» **What to do**: The result should be the listing below, restated exactly, with its pictures left out.

» **Dataset content**:
»»
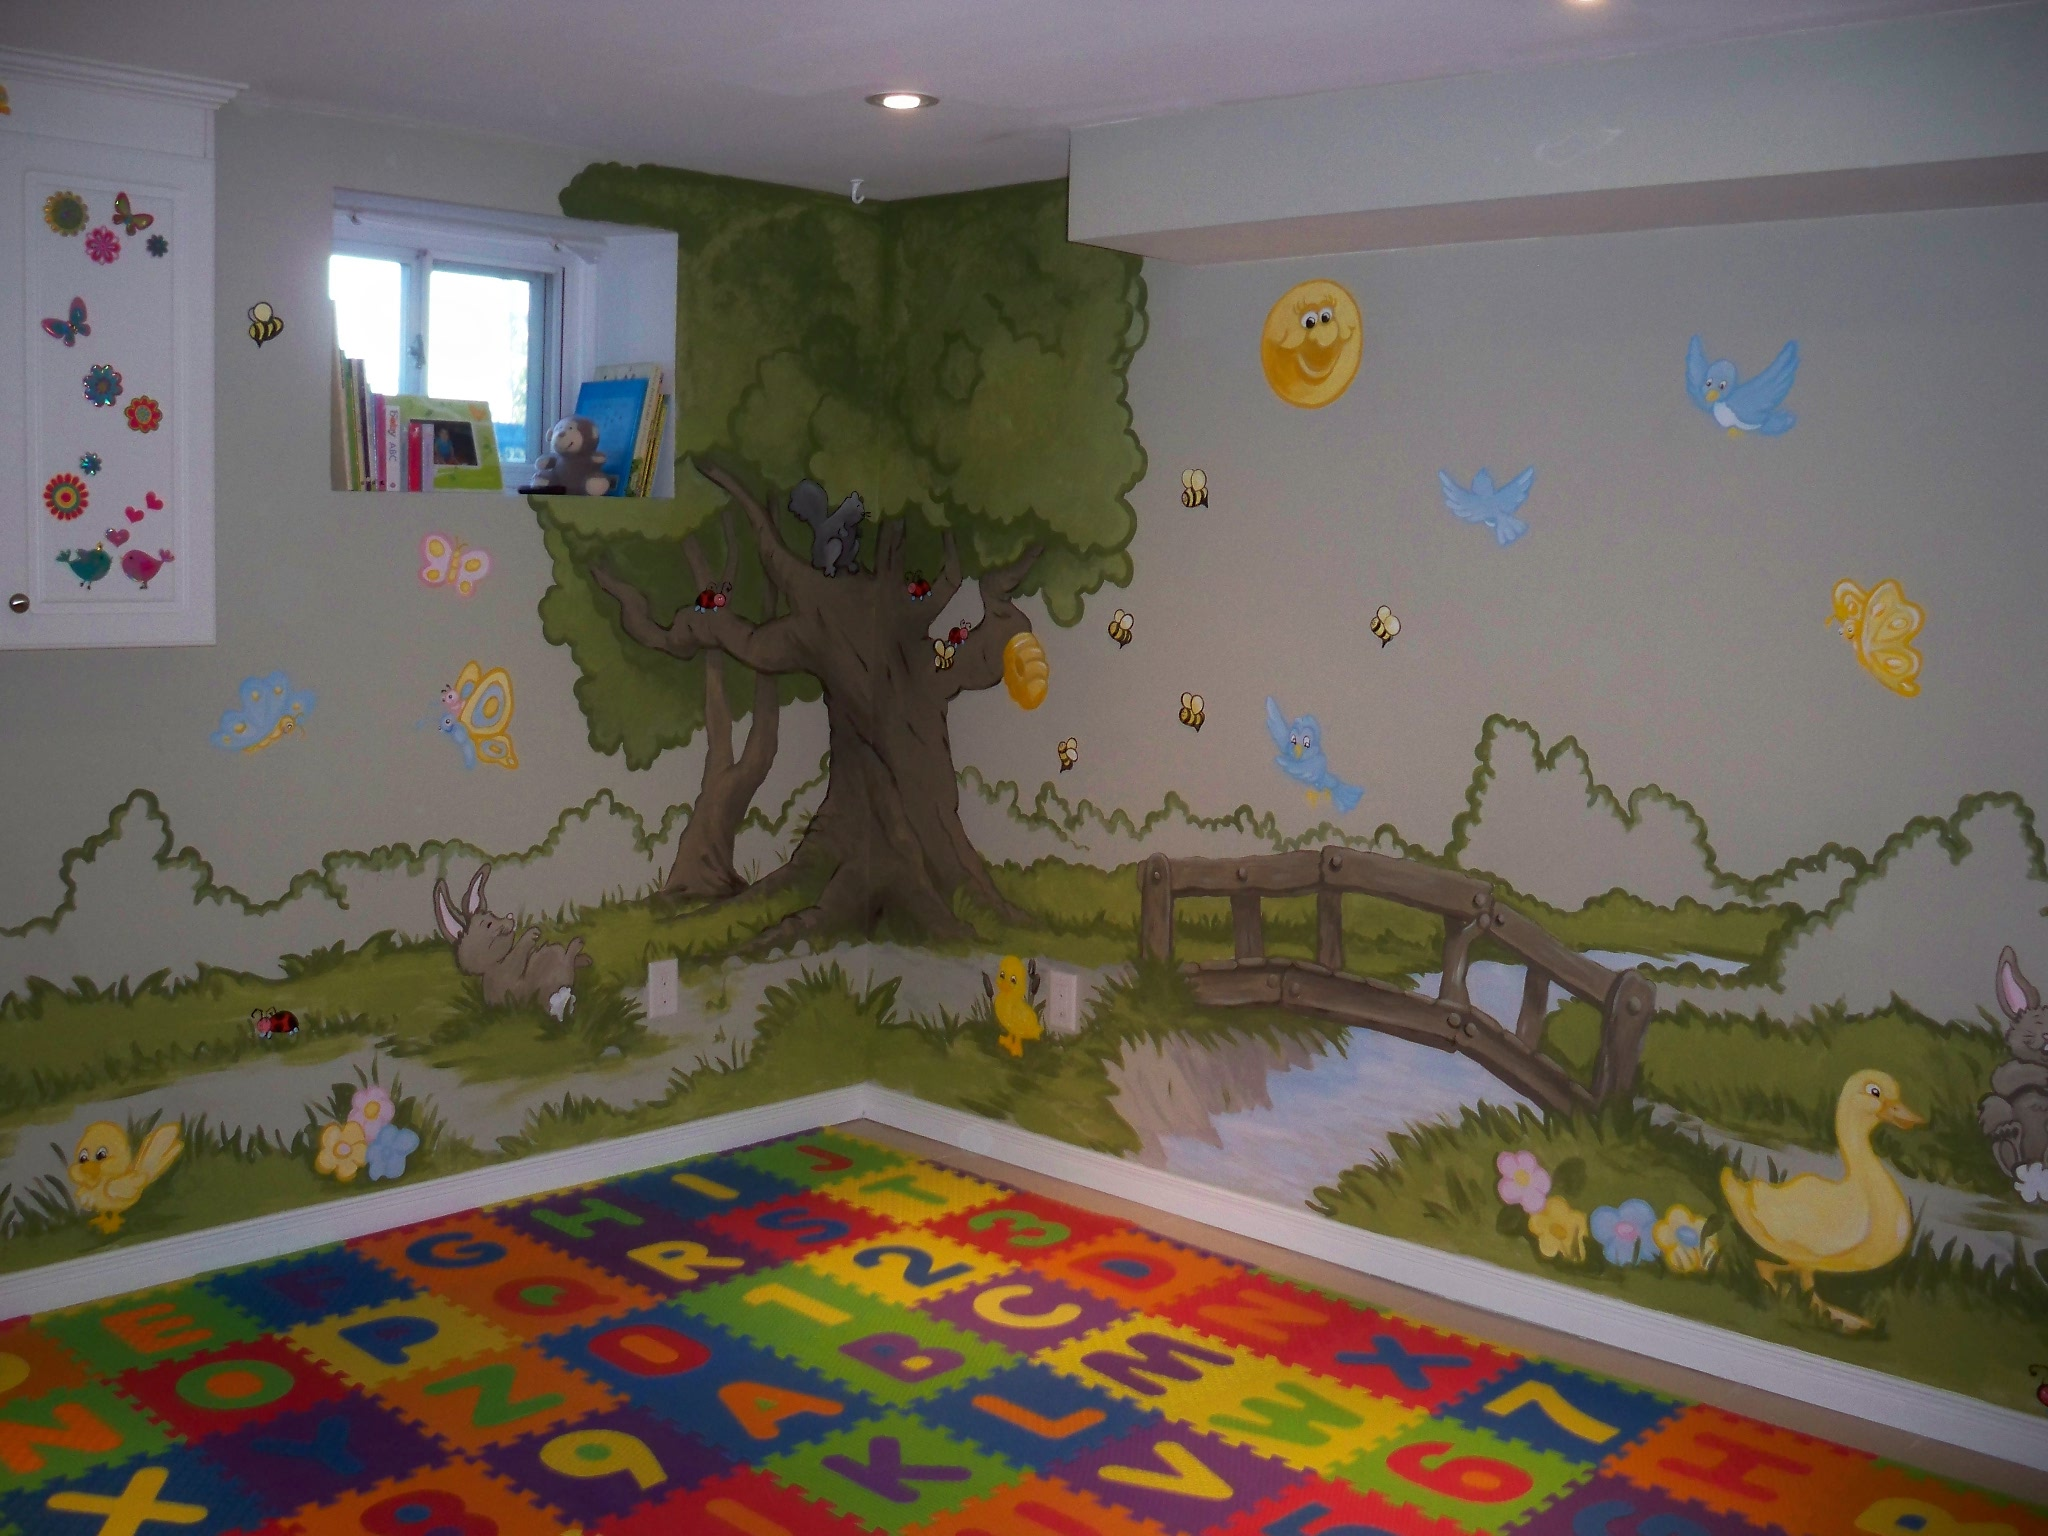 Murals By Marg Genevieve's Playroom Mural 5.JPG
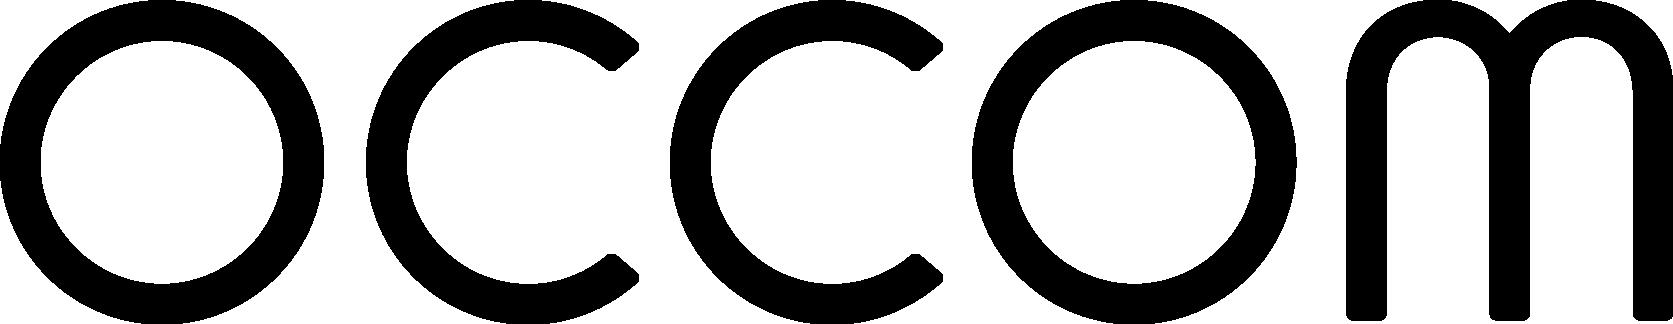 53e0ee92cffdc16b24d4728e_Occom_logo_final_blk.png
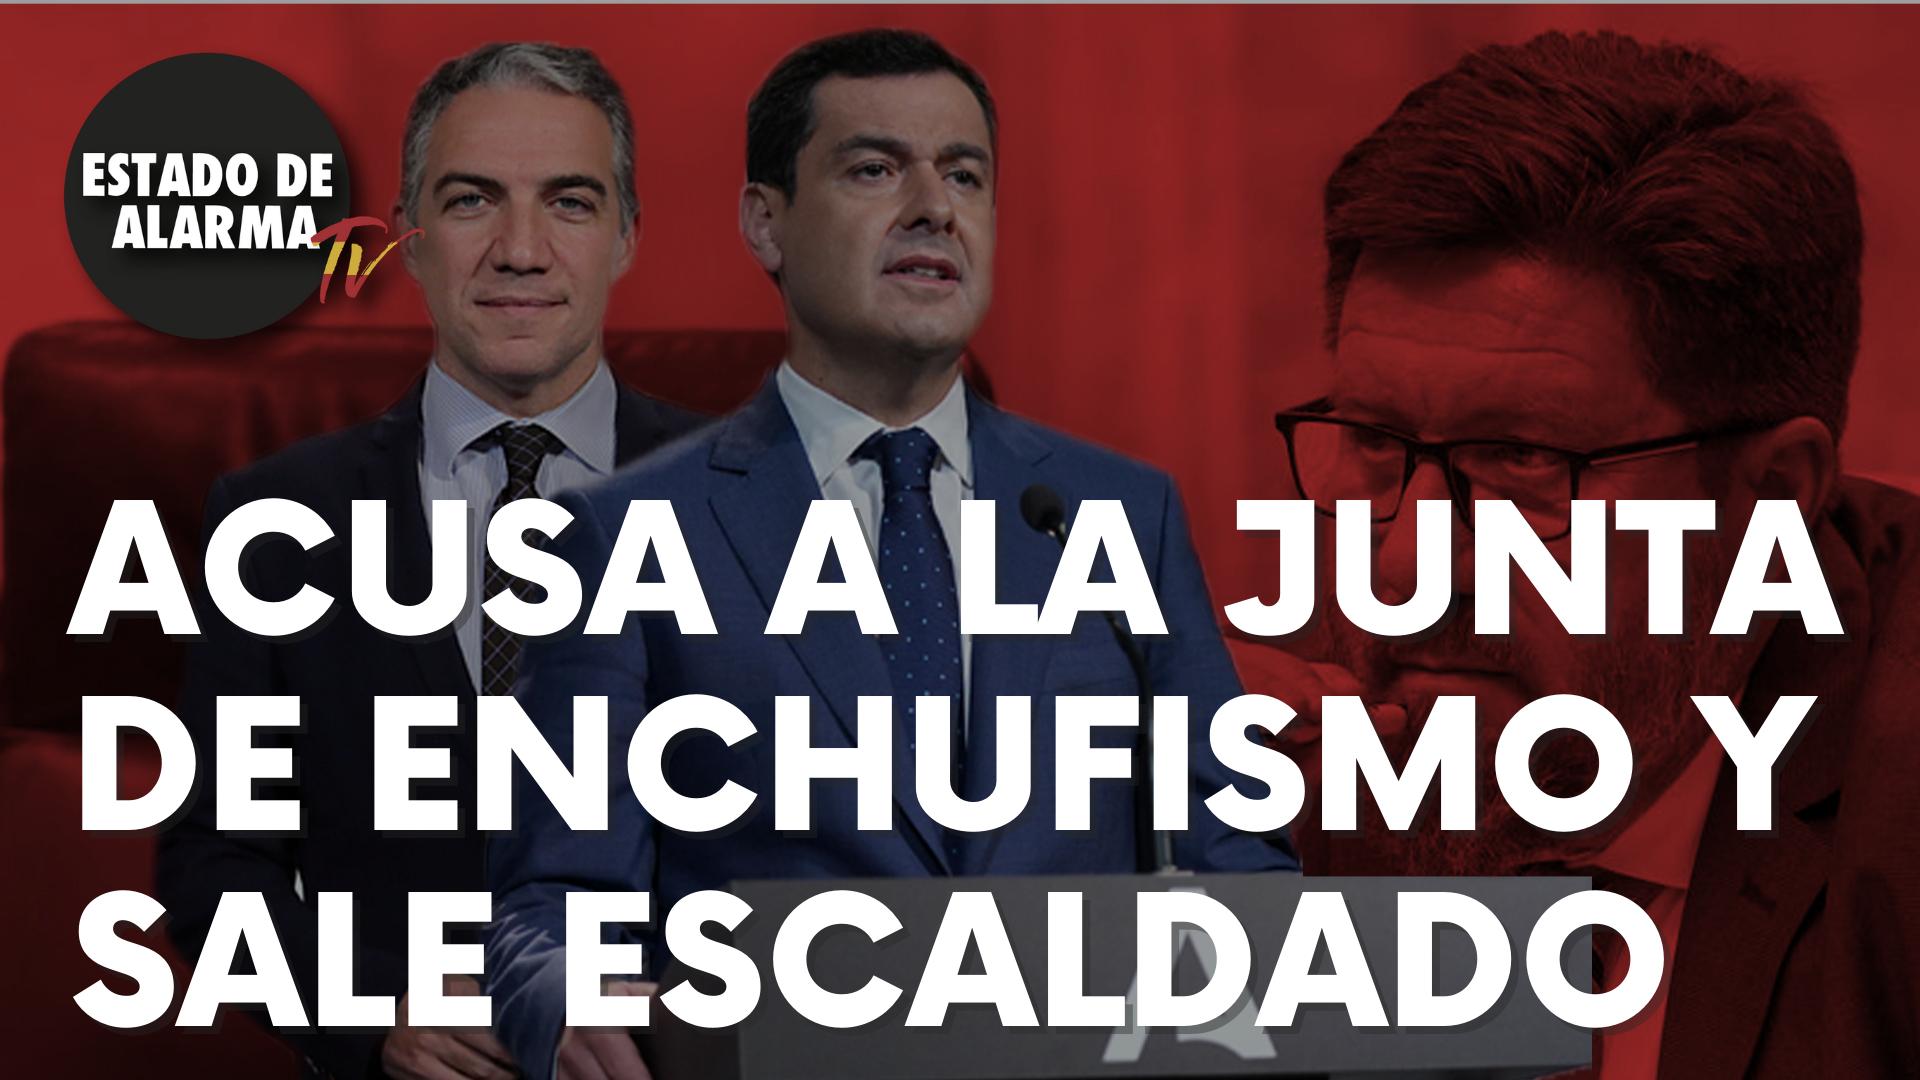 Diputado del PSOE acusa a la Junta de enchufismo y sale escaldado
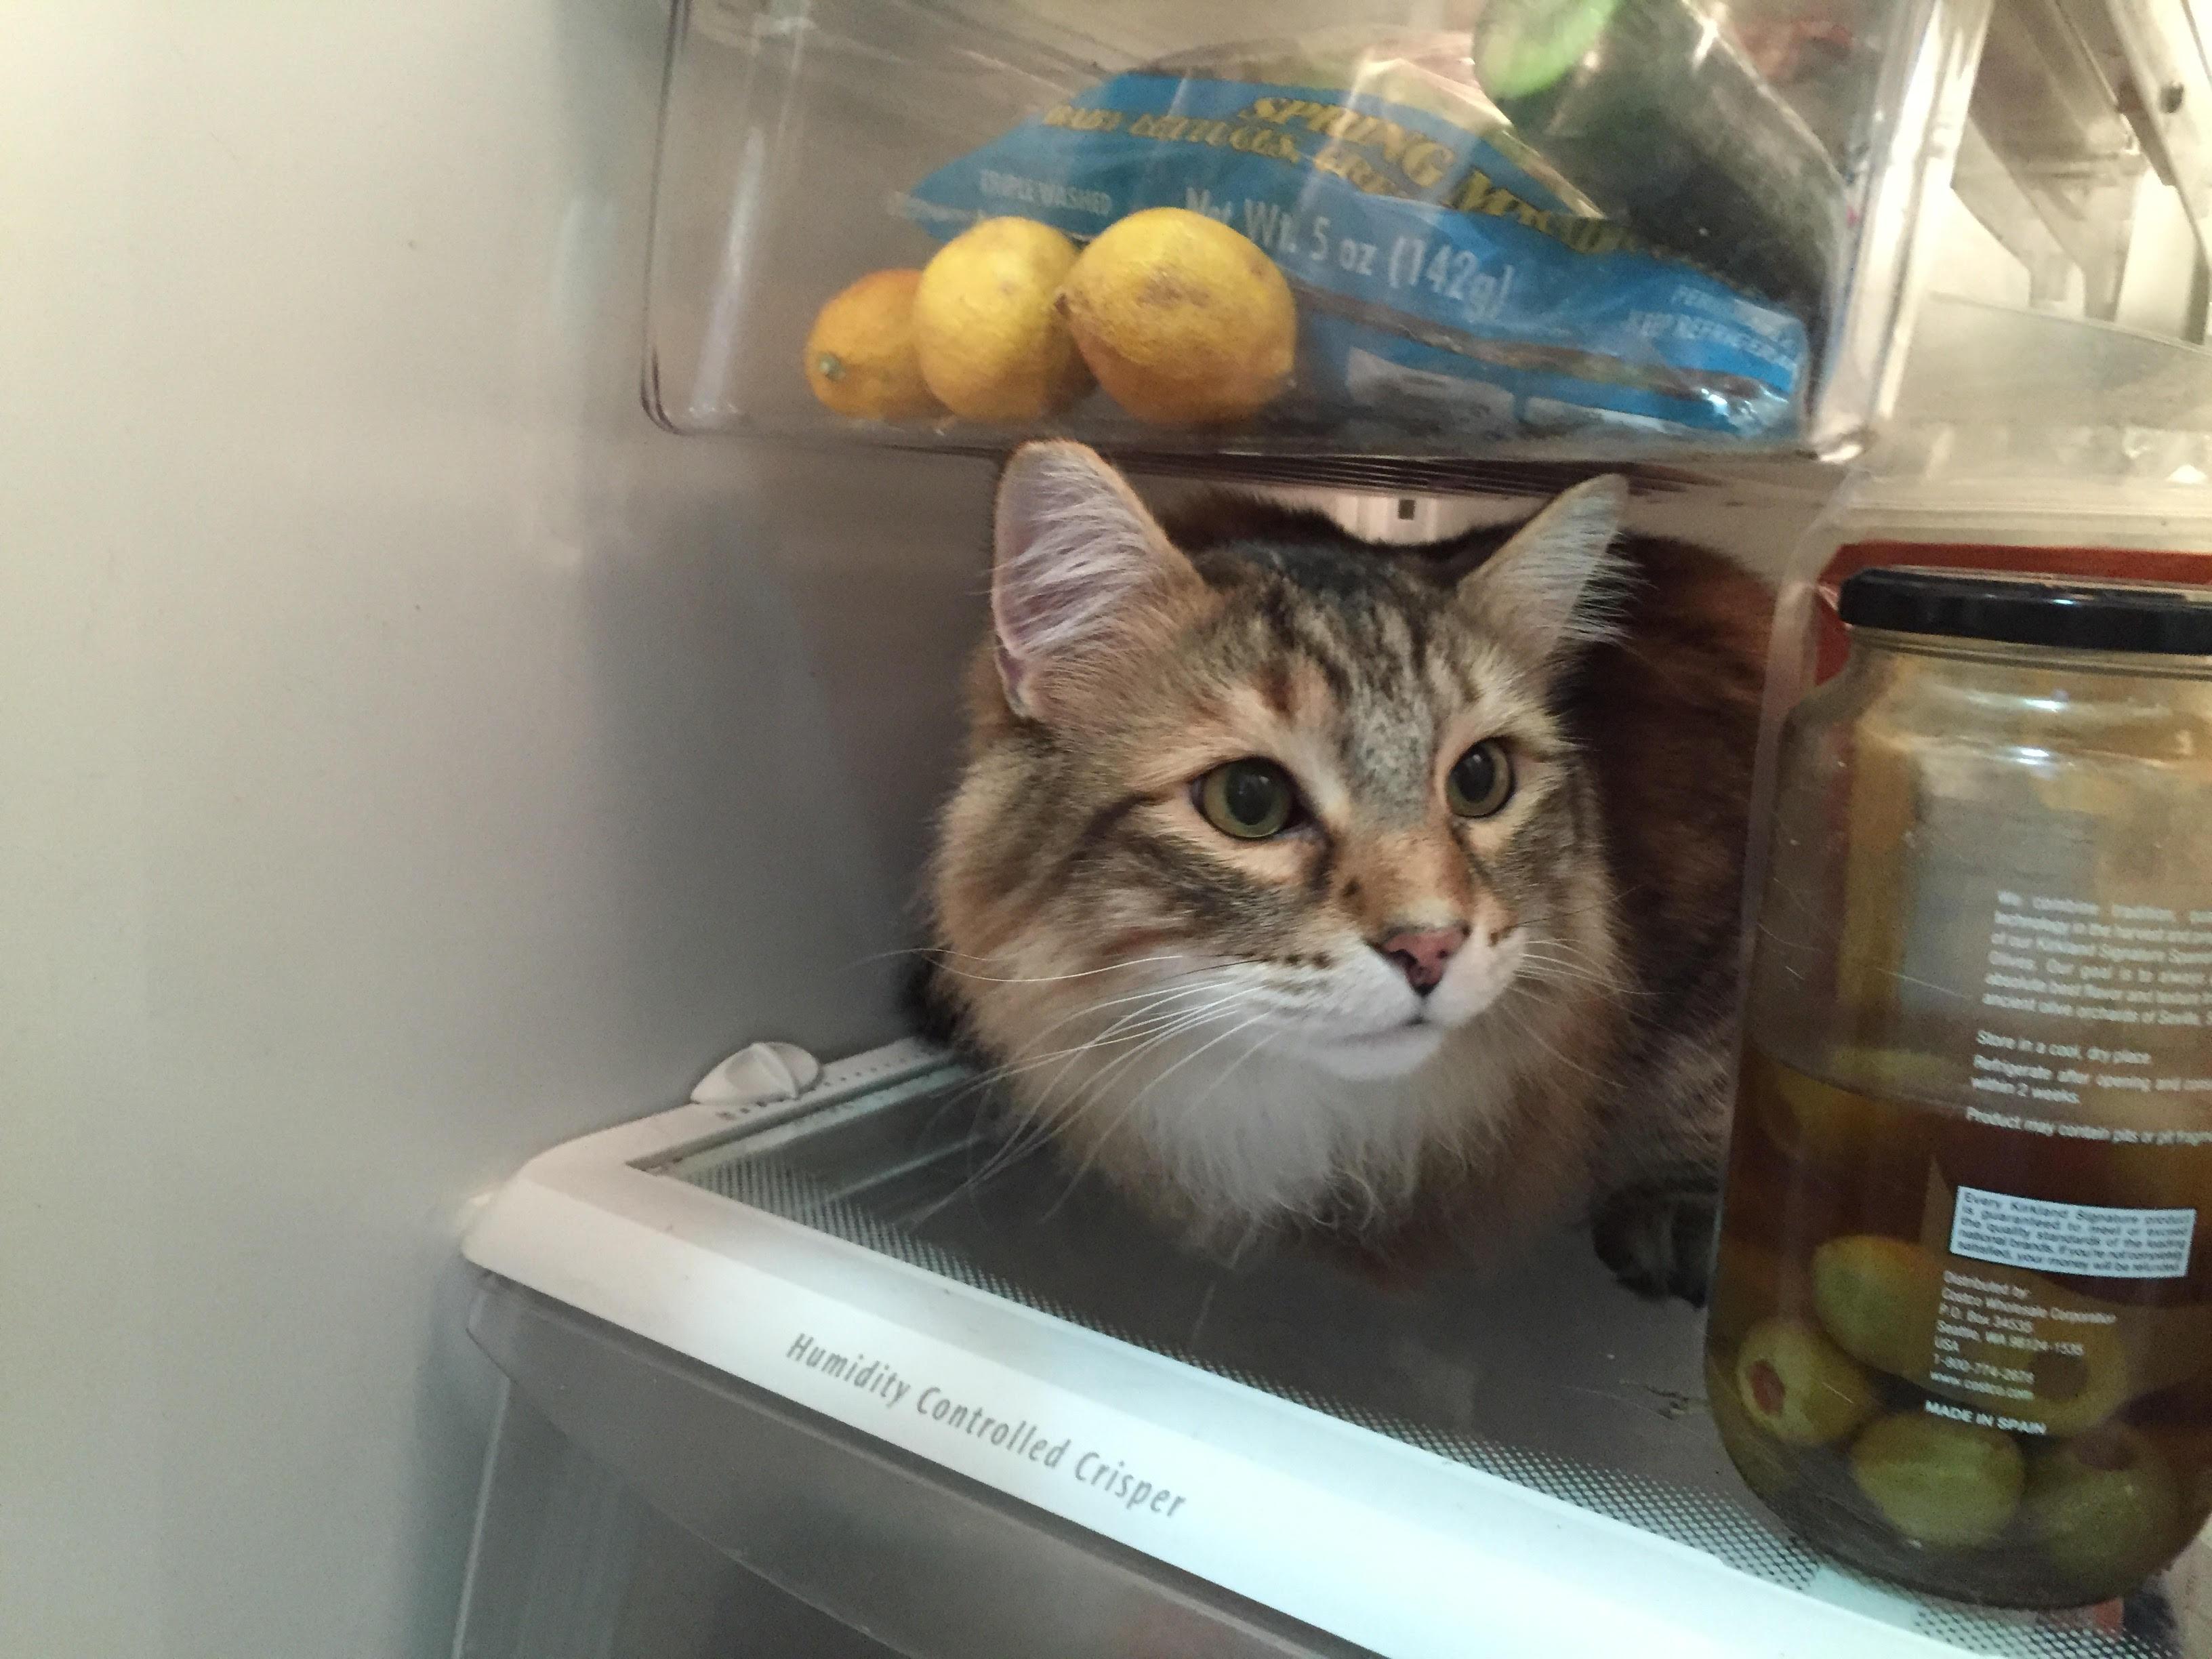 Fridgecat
««
» **Solution to this task**:
 Murals By Marg Genevieve's Playroom Mural 5.JPG
 53e0ee92cffdc16b24d4728e_Occom_logo_final_blk.png
 Diputado del PSOE acusa a la Junta de enchufismo y sale escaldado
 Fridgecat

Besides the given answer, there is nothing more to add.